= Thomas Morse =

Composer

Thomas Morse is a composer of film and concert music.

== Life and composing career ==
He began his musical career while in high school, writing his first orchestral work. After receiving a bachelor's degree in composition from the University of North Texas, Morse began a composition master's degree at USC in Los Angeles, changing over to the film scoring program in the second year.

In the years that followed, Morse composed orchestral scores for more than a dozen feature films including The Big Brass Ring, based on an Orson Welles script, with William Hurt & Miranda Richardson who received a Golden Globe nomination for her performance; The Sisters (Maria Bello & Elizabeth Banks); and The Apostate (with Dennis Hopper), as well as the noted orchestral score for Jerry Bruckheimer's CBS series The Amazing Race.
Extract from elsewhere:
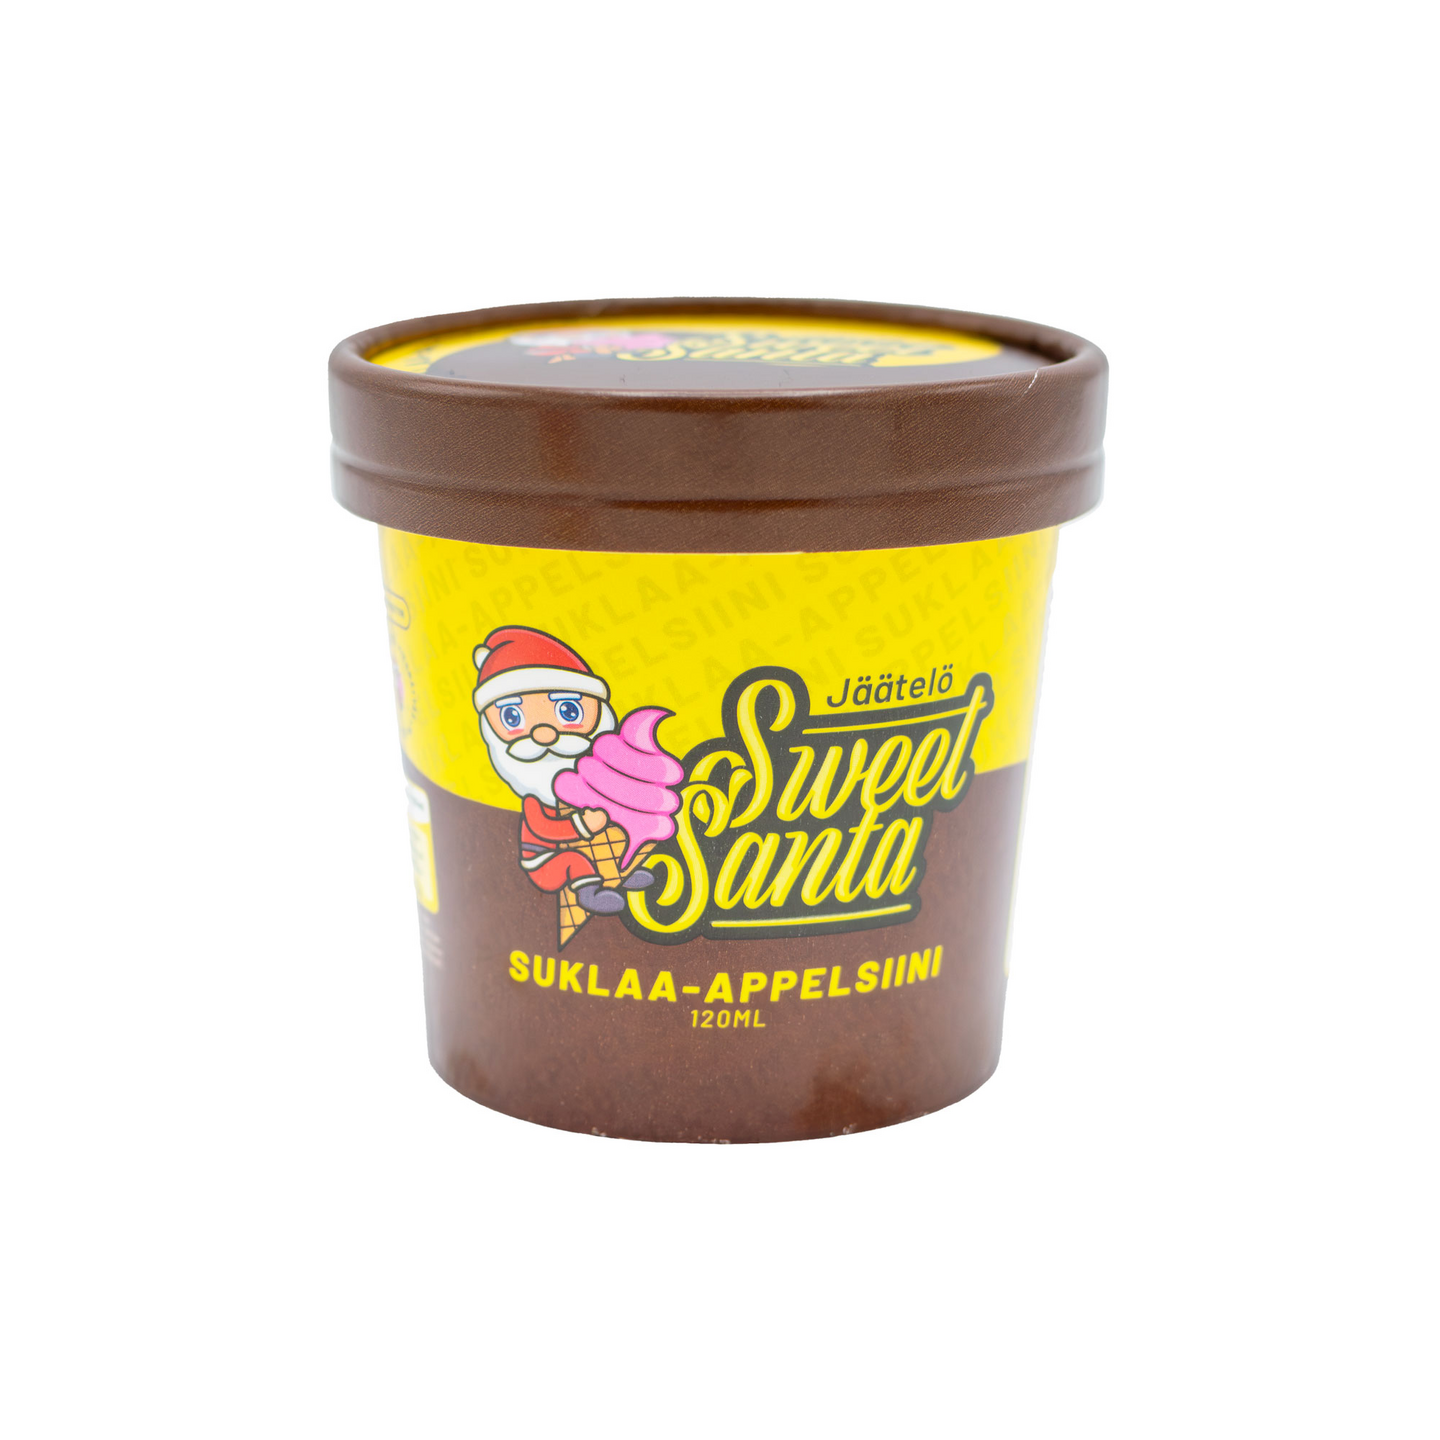 Sweet Santa suklaa-appelsiinijäätelö 120ml laktoositon

Working parallel in the field of popular music, he created string arrangements on songs for numerous artists including a posthumous Michael Hutchence release entitled Possibilities.

In 2013 he signed a worldwide publishing agreement with Music Sales Group in New York, parent company of G. Schirmer.

== Notable music for film and television ==
Notable music for film and television:
- 2014 Come Back to Me
- 2005 The Sisters
- 2001–2005 The Amazing Race (69 Episodes)
- 2001 Lying in Wait
- 2000 The Apostate
- 1999 The Big Brass Ring

== Opera ==
- 2017 Frau Schindler

== Other works ==
- 2013 Code Novus (album)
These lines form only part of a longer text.